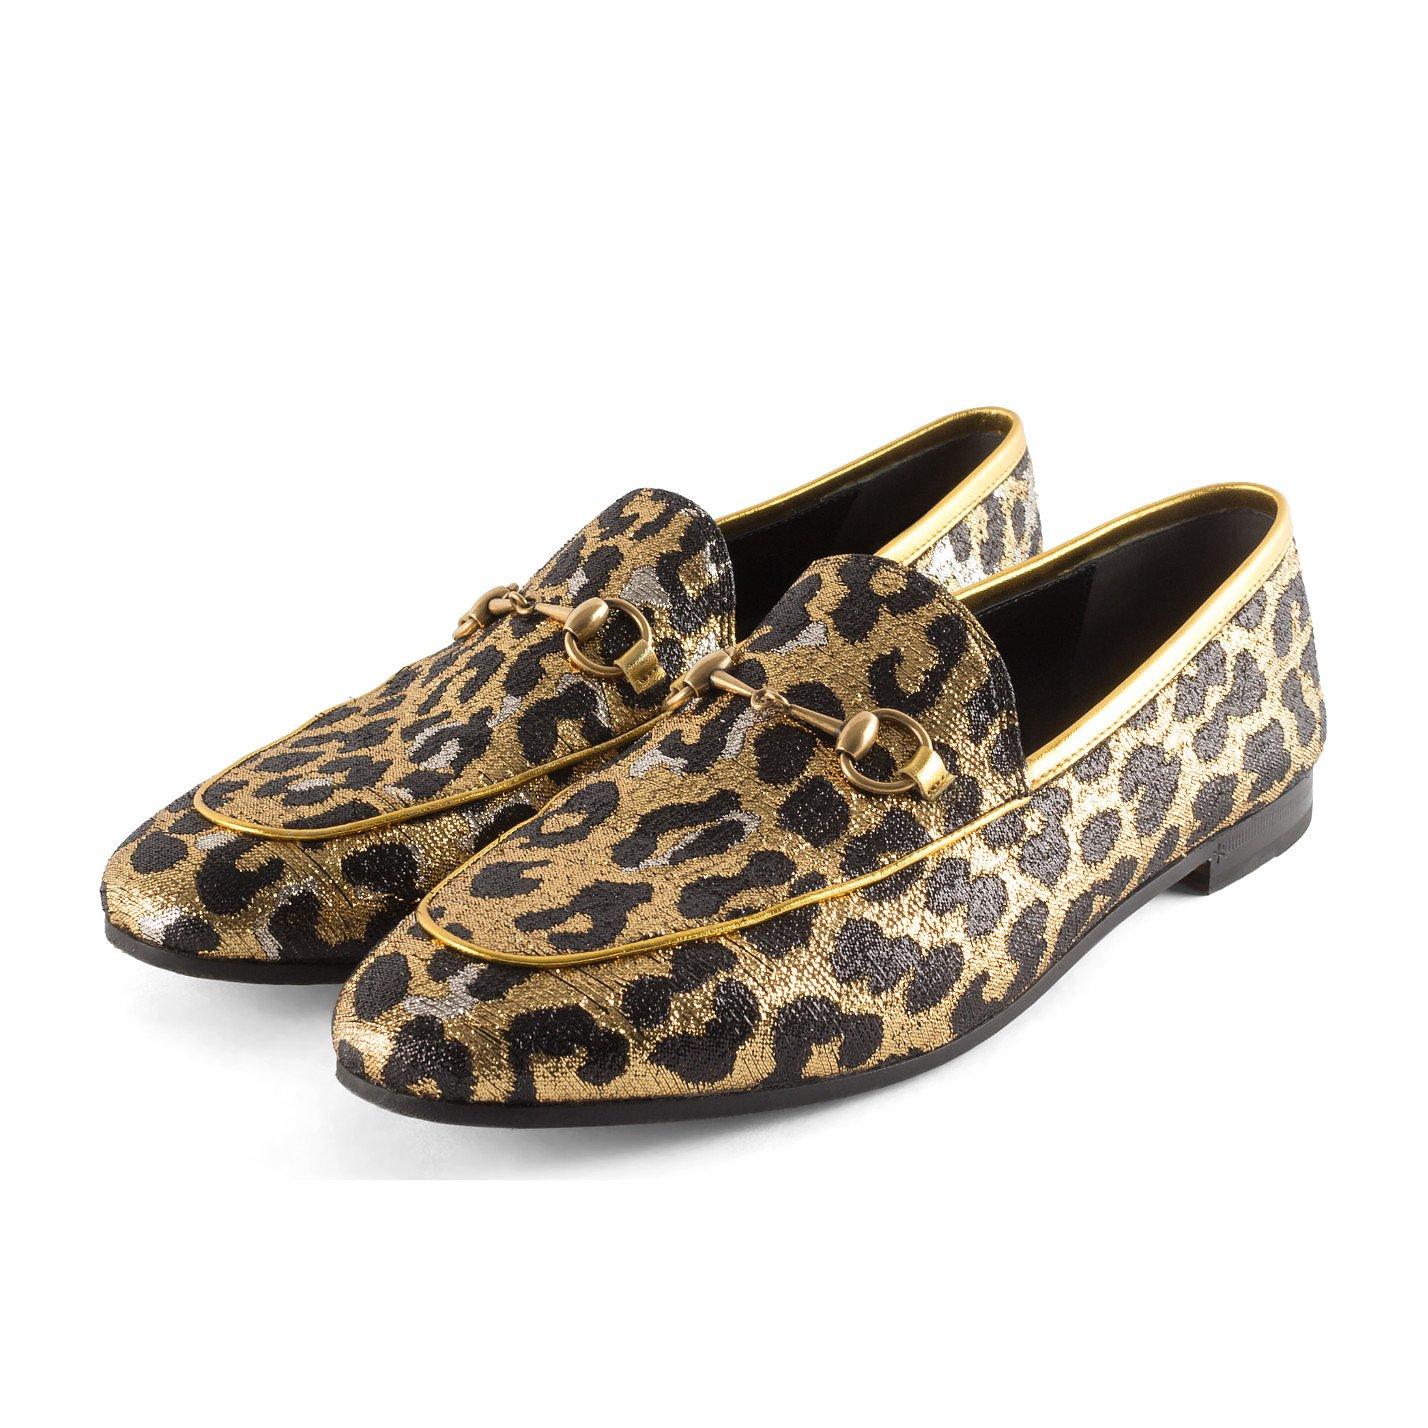 Gucci Leopard Print Metallic Loafers
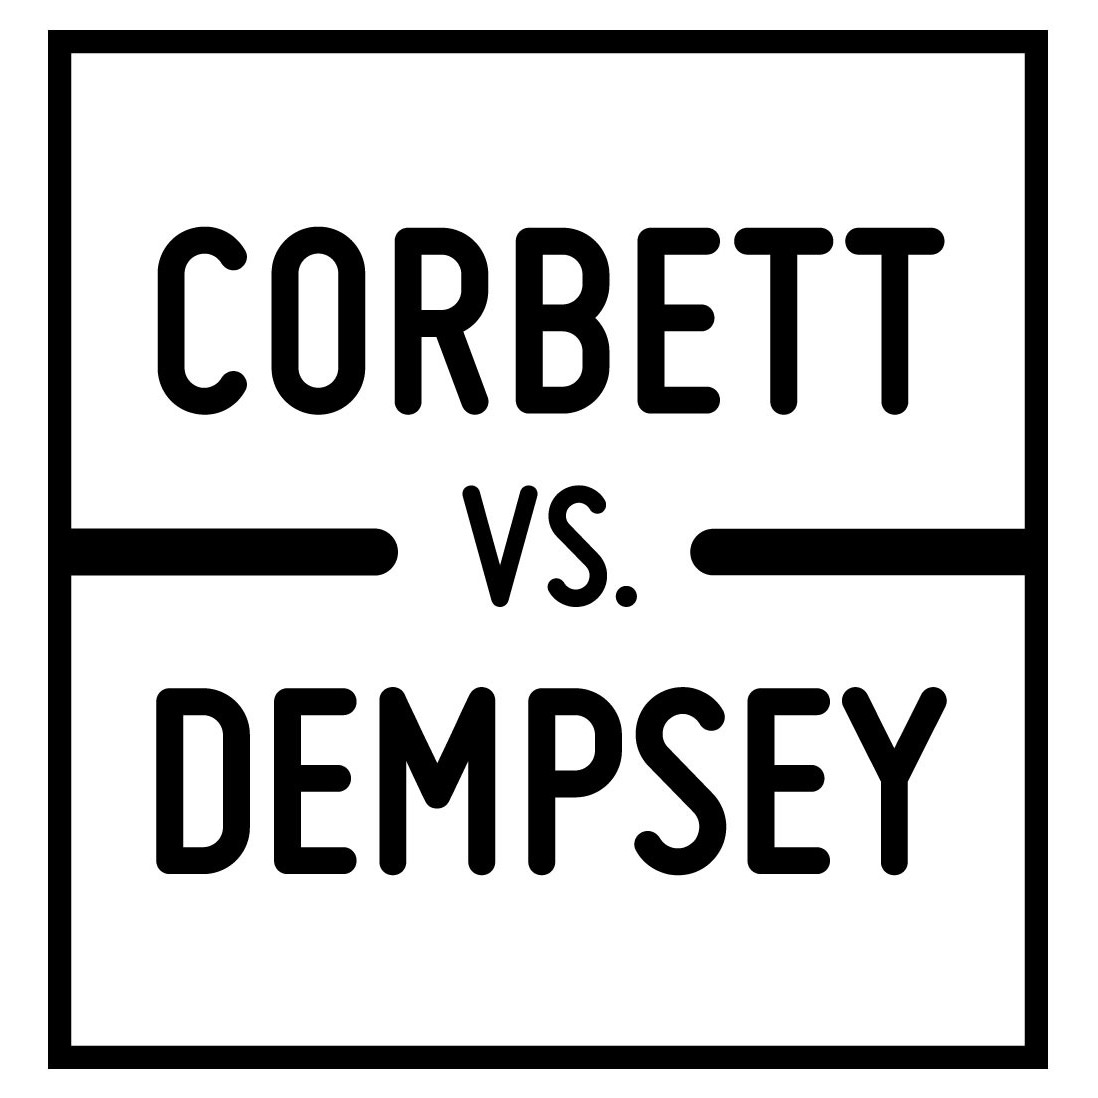 「CORBETT VS. DEMPSEY」の画像検索結果
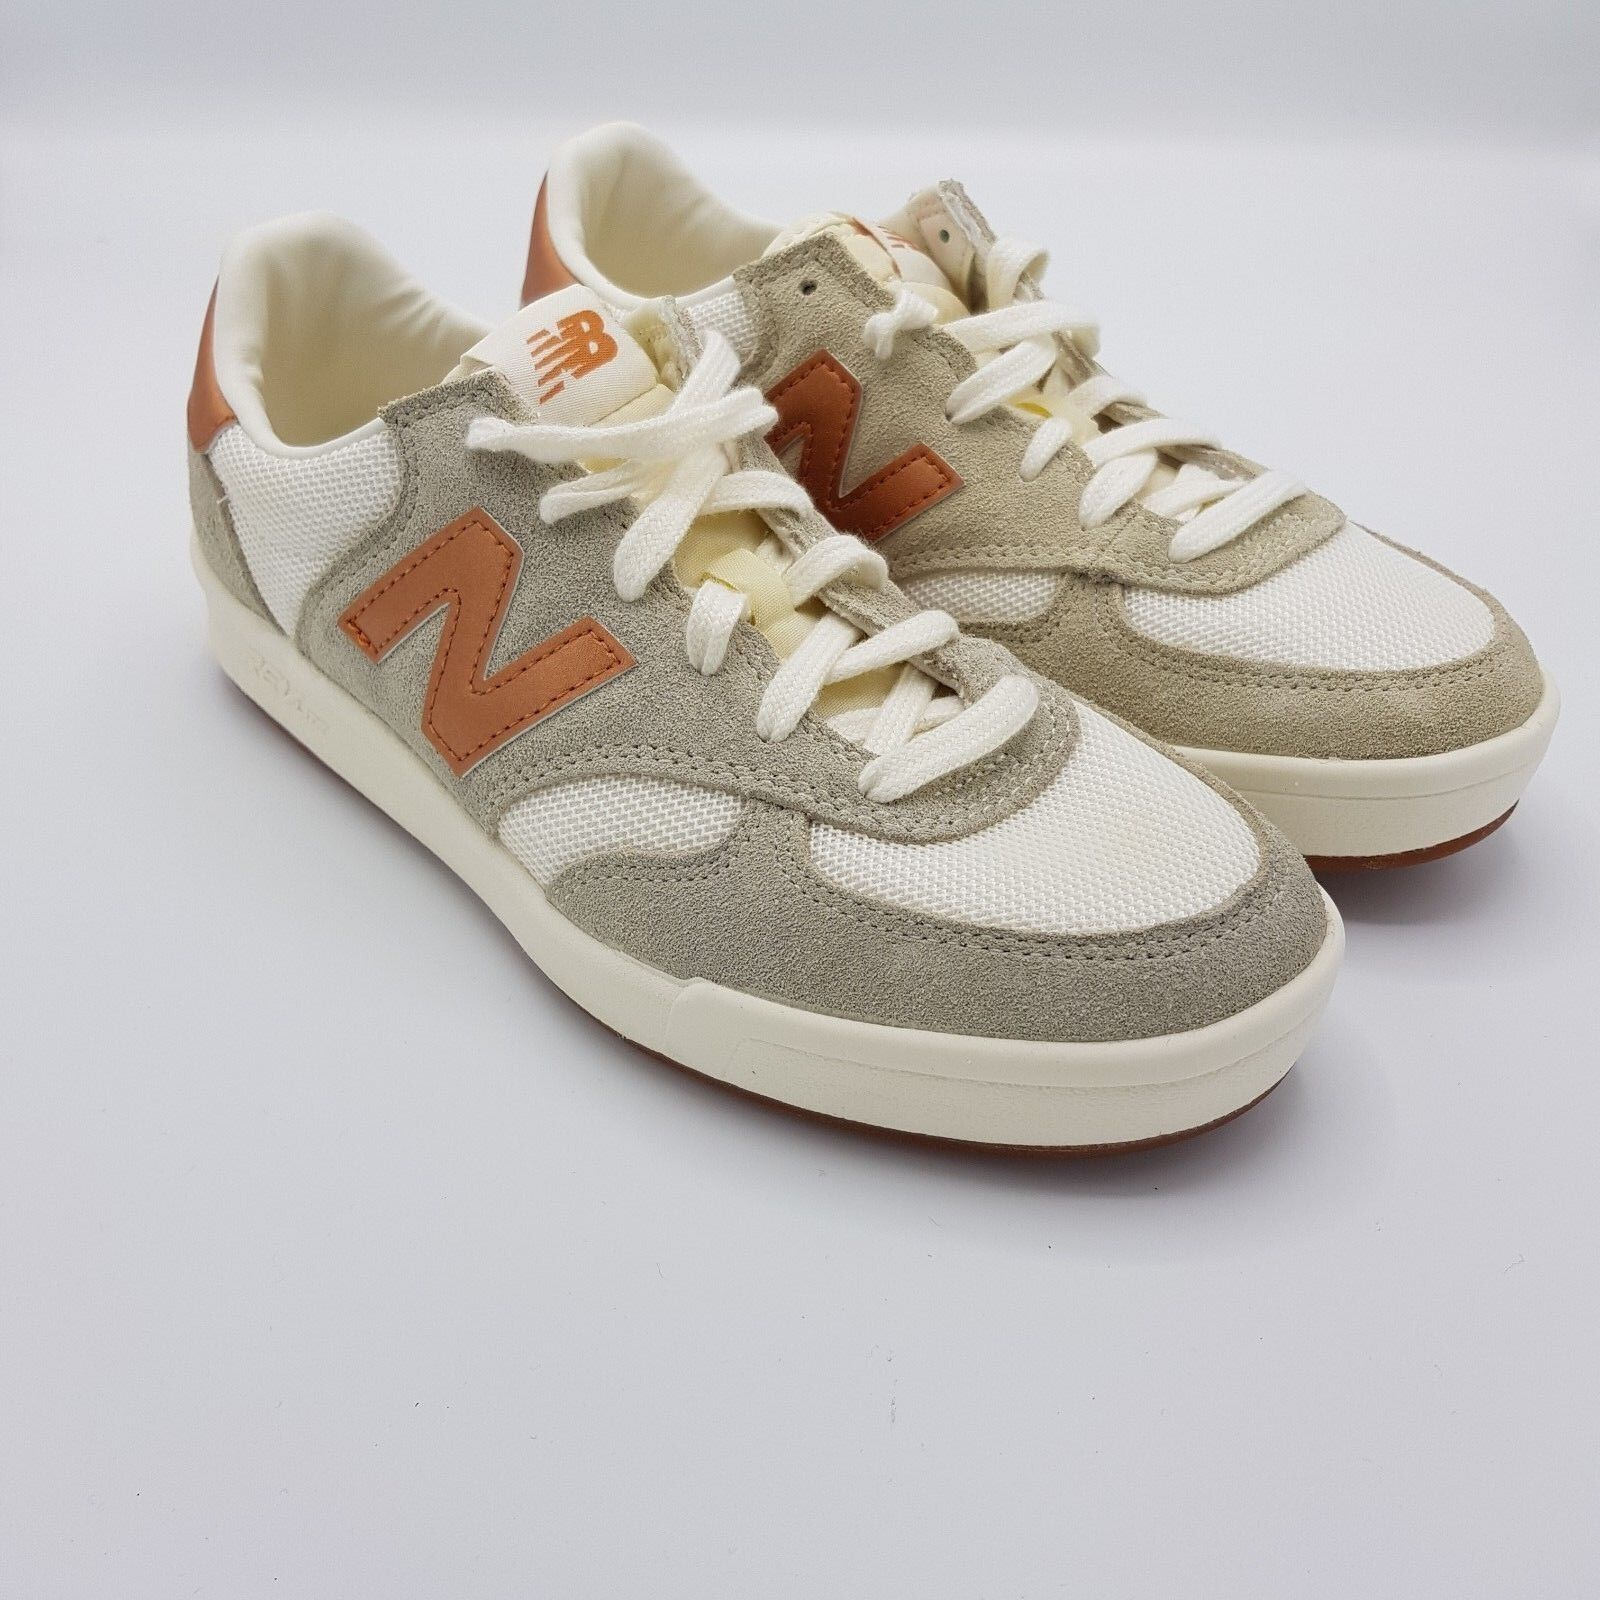 New Balance WRT300MA Damen Schuhe Sneakers Beige / / Beige Weiß 84be67

Task directions
Please print all the data above word for word. Pictures should not appear in the copy.

Answer section
 Gucci Leopard Print Metallic Loafers
 「CORBETT VS. DEMPSEY」の画像検索結果
 New Balance WRT300MA Damen Schuhe Sneakers Beige / / Beige Weiß 84be67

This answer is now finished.